**Data listing**.
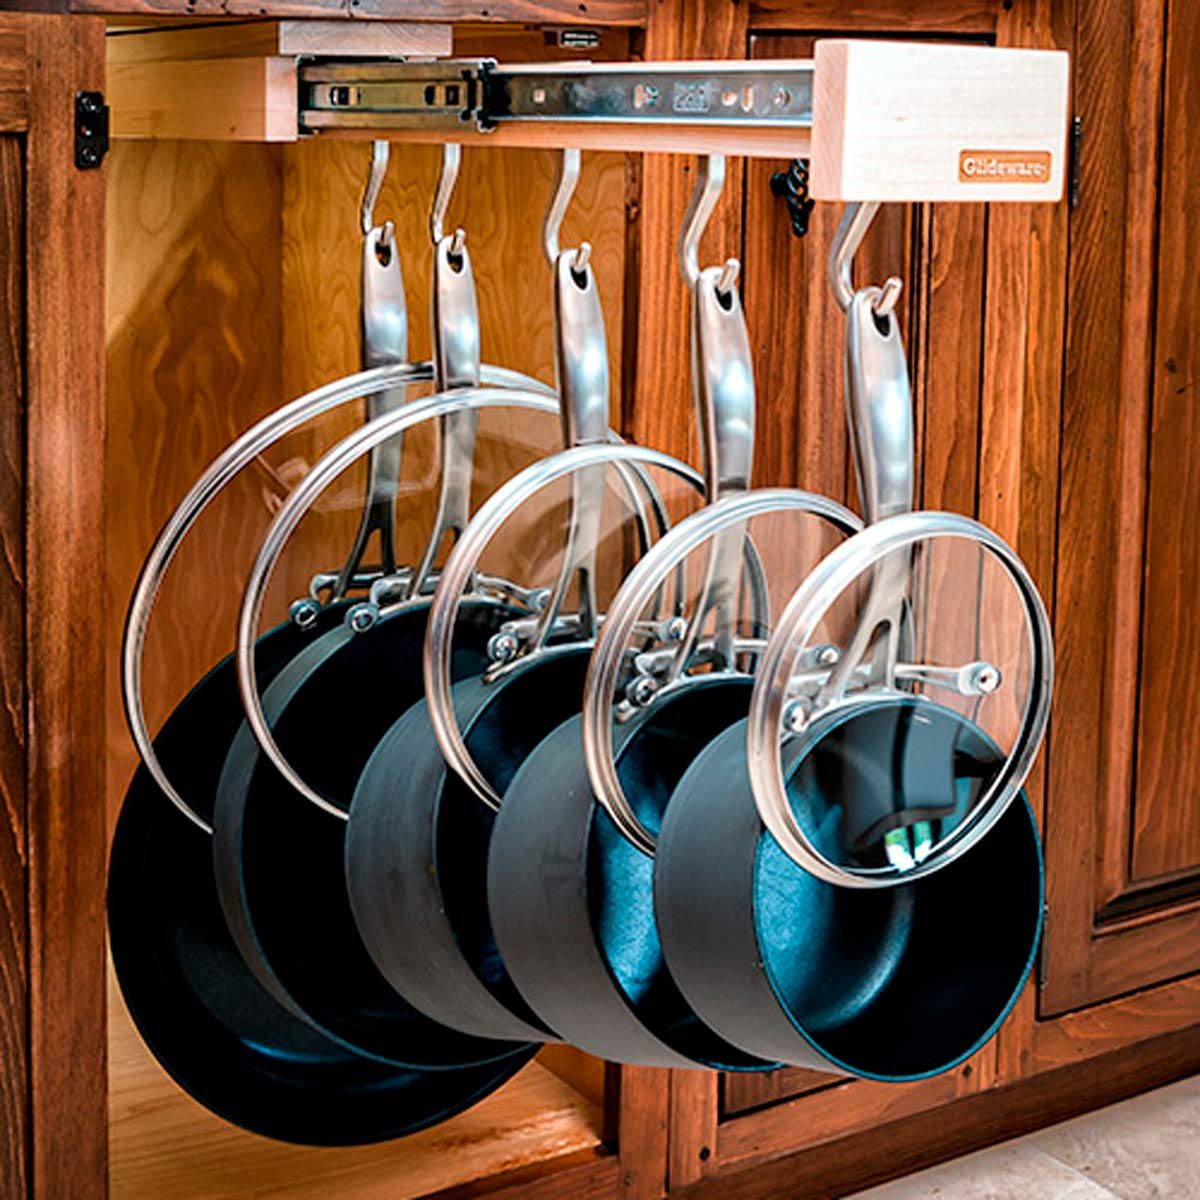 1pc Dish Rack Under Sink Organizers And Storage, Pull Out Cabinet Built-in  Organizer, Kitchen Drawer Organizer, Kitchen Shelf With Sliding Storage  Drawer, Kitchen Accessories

--

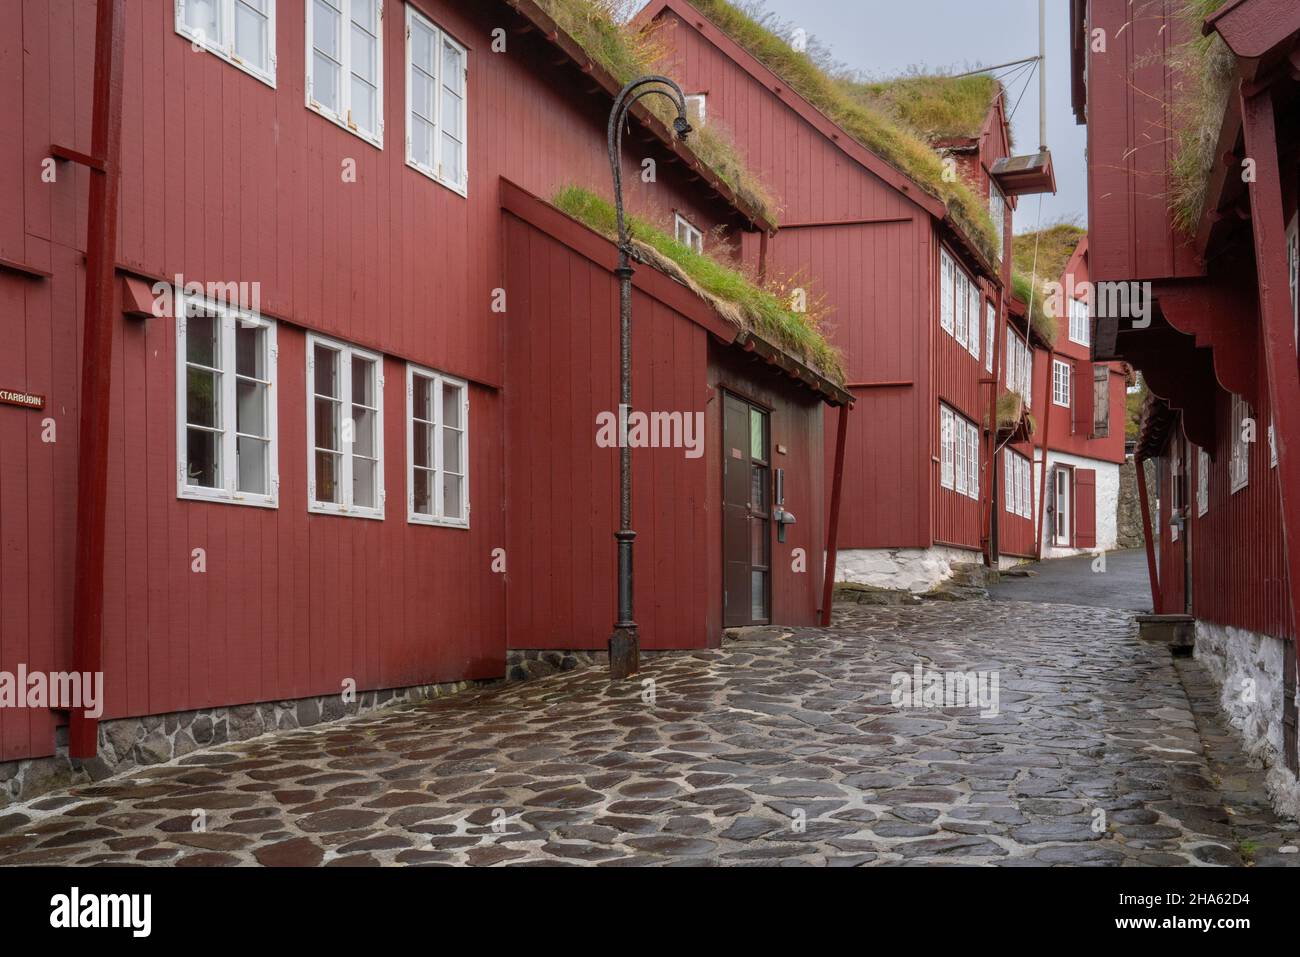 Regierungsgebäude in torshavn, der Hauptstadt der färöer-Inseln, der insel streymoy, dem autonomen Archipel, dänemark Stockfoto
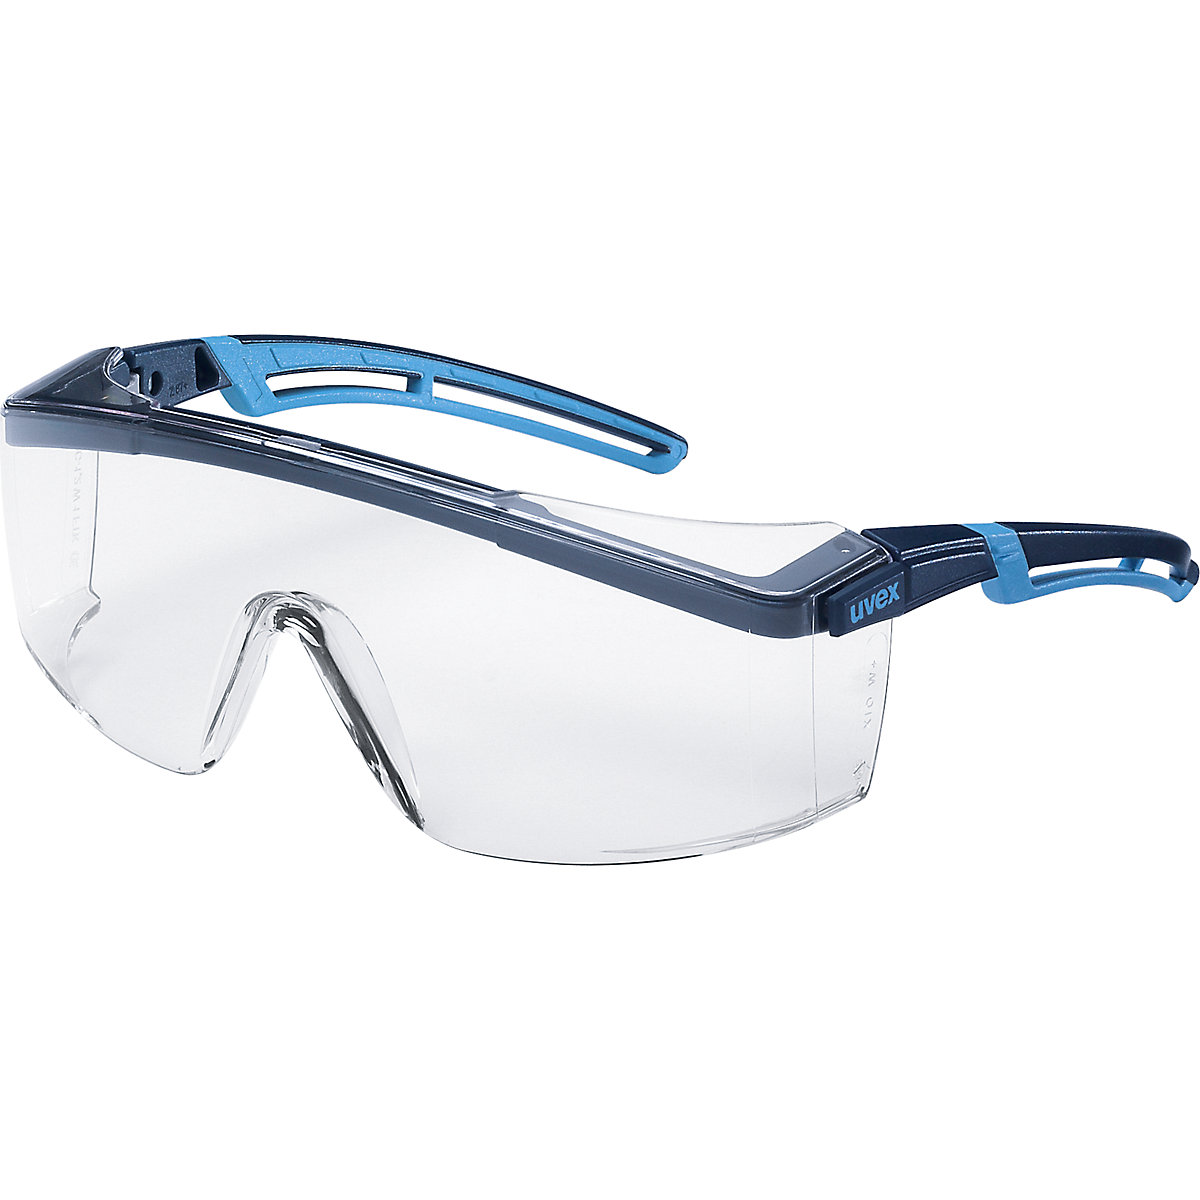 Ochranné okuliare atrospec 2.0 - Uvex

**Exercise requirements**. With the pictures omitted, print the lines above exactly, beginning at the line with "Regierungsgebäude in torshavn, der" and going on through the line with "Ochranné okuliare atrospec 2.0 - Uvex".

**Exercise solution**.
 Regierungsgebäude in torshavn, der Hauptstadt der färöer-Inseln, der insel streymoy, dem autonomen Archipel, dänemark Stockfoto
 Ochranné okuliare atrospec 2.0 - Uvex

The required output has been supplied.